Genaric Mp4 Player Driver on this page. Networks correspond to three time points: t1 = before planting (dry season); t2 = during the early growth of plants (onset of the rainy season); and t3 = before harvest (end of the rainy season). Charts at left show the original networks with nodes colored by taxa while charts at right show the condensed networks where each circle represent a module with their size being equivalent to the size of the module (nr. Of nodes), and the taxa share displayed as a pie chart. Line thickness indicates amount of “flow” (edges) between modules. Network inference was done considering diversity at family level. Figures, and Supplementary Figure S3 show that taxa re-allocation in modules occurred extensively between time-points t1 and t2 and moderately between t2 and t3, especially for three phyla: Actinobacteria, Chloroflexi and Proteobacteria.

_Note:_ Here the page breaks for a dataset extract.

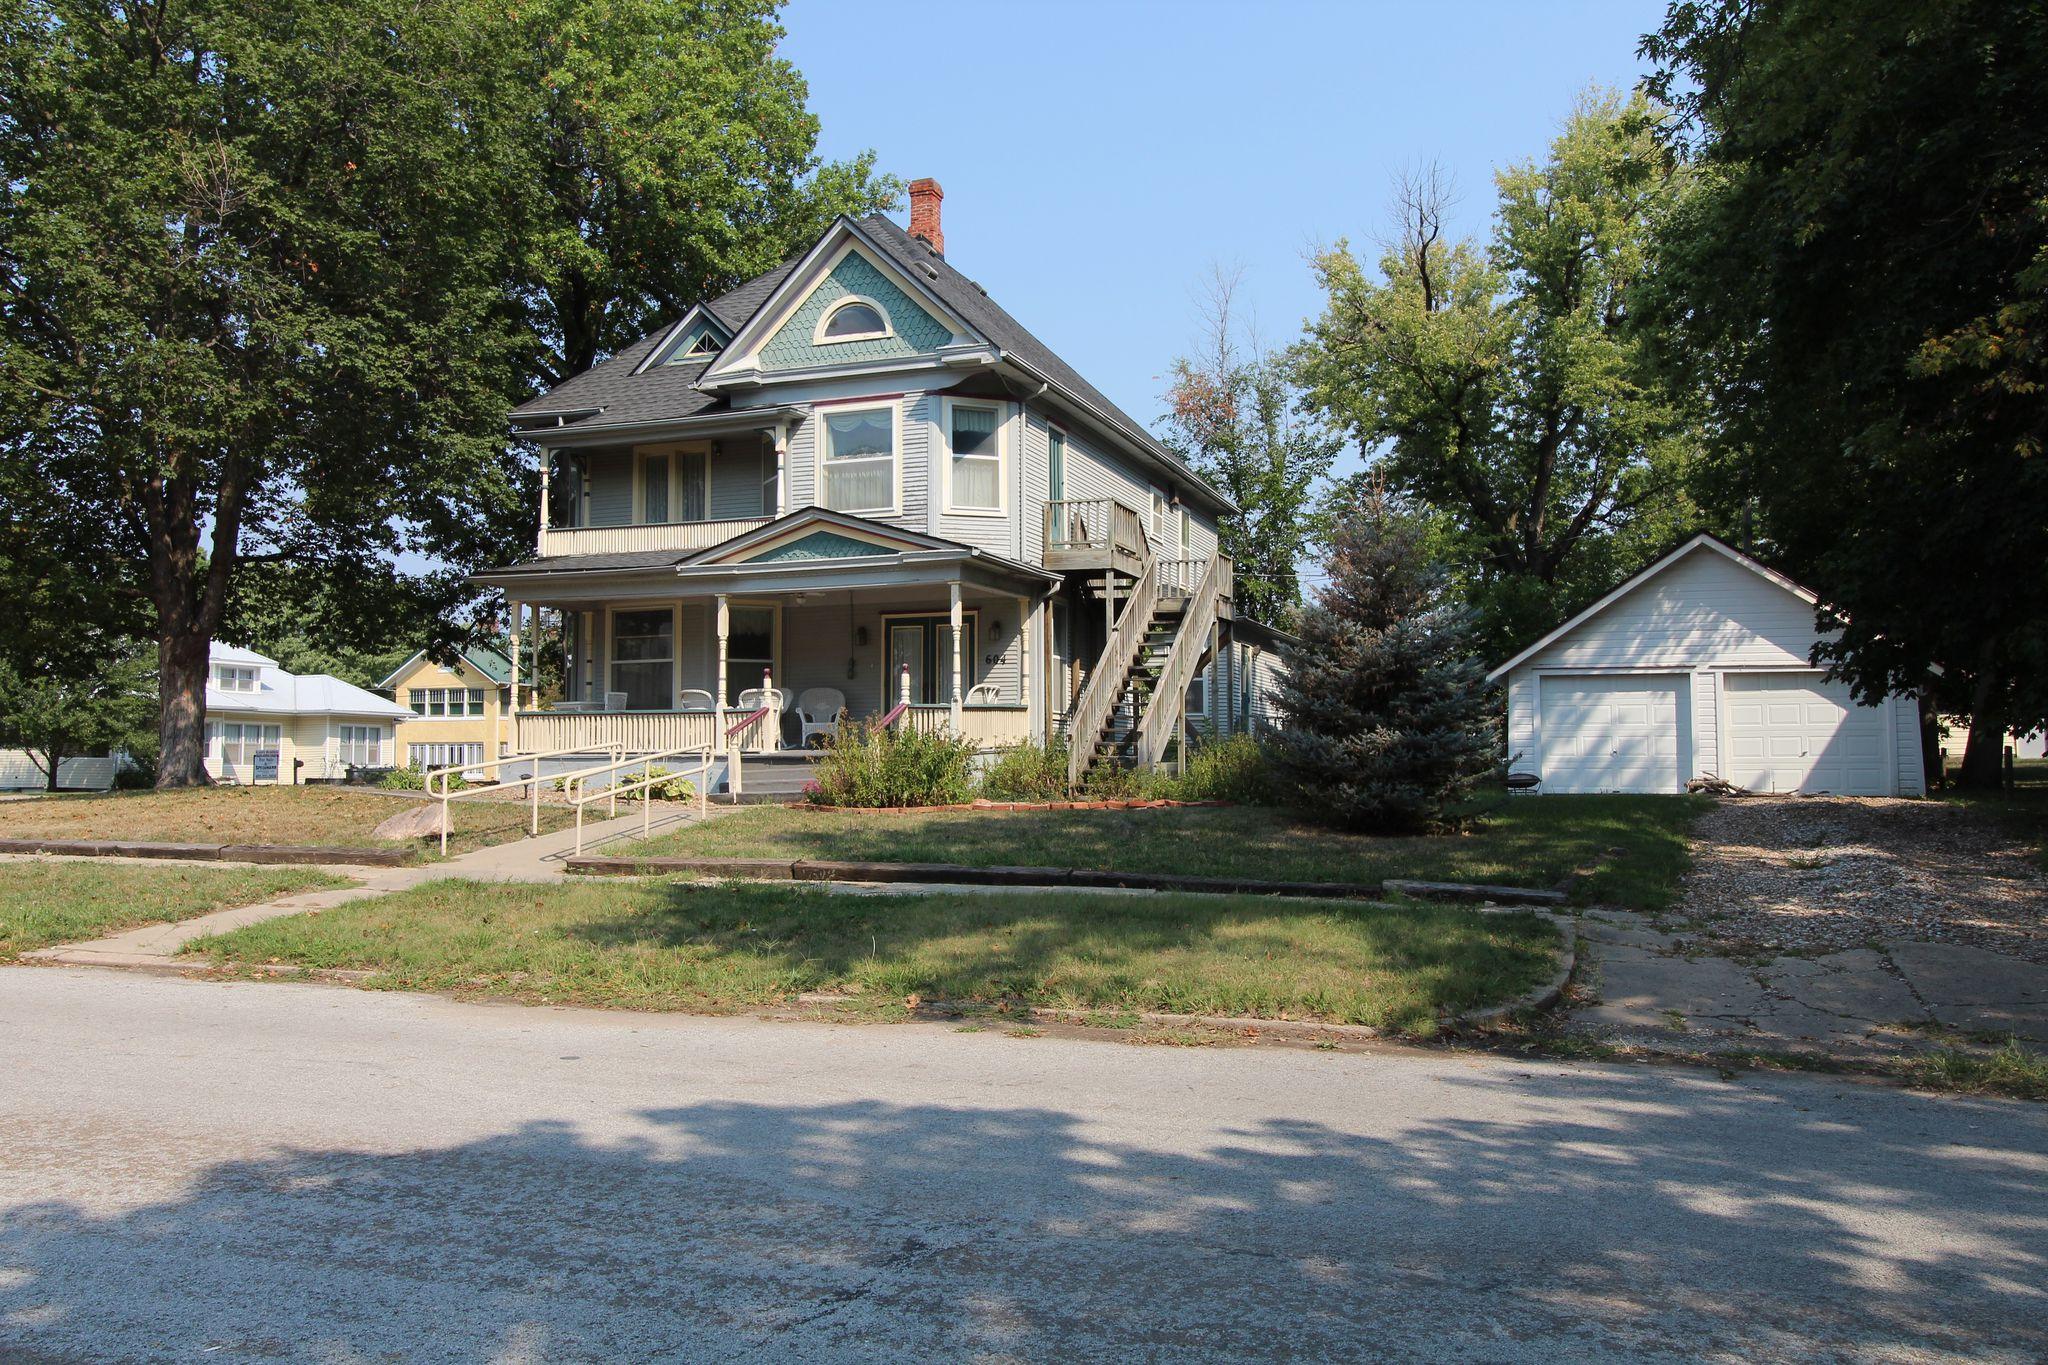 Pawnee City Nebraska >> 604 9th St Pawnee City Ne 68420 5 Bed 2 Bath Single Family Home

The proportional representation of taxa in modules was non-random ( t1: χ 2 = 263, d.f. Focused alluvial diagram of three times. Each column represents a time ( t1 = before planting (dry season); t2 = during the early growth of plants (onset of the rainy season); t3 = before harvest (end of the rainy season)) and the blocks at each time the network modules. The flow lines among times represent the module re-assignation of groups of OTUs (nodes). Colors correspond to taxa as indicated in the list, but only the two largest modules (at t2) were colored to avoid saturation of the figure.
The top graph is highlighting one dominant module and the bottom graph is showing another dominant module.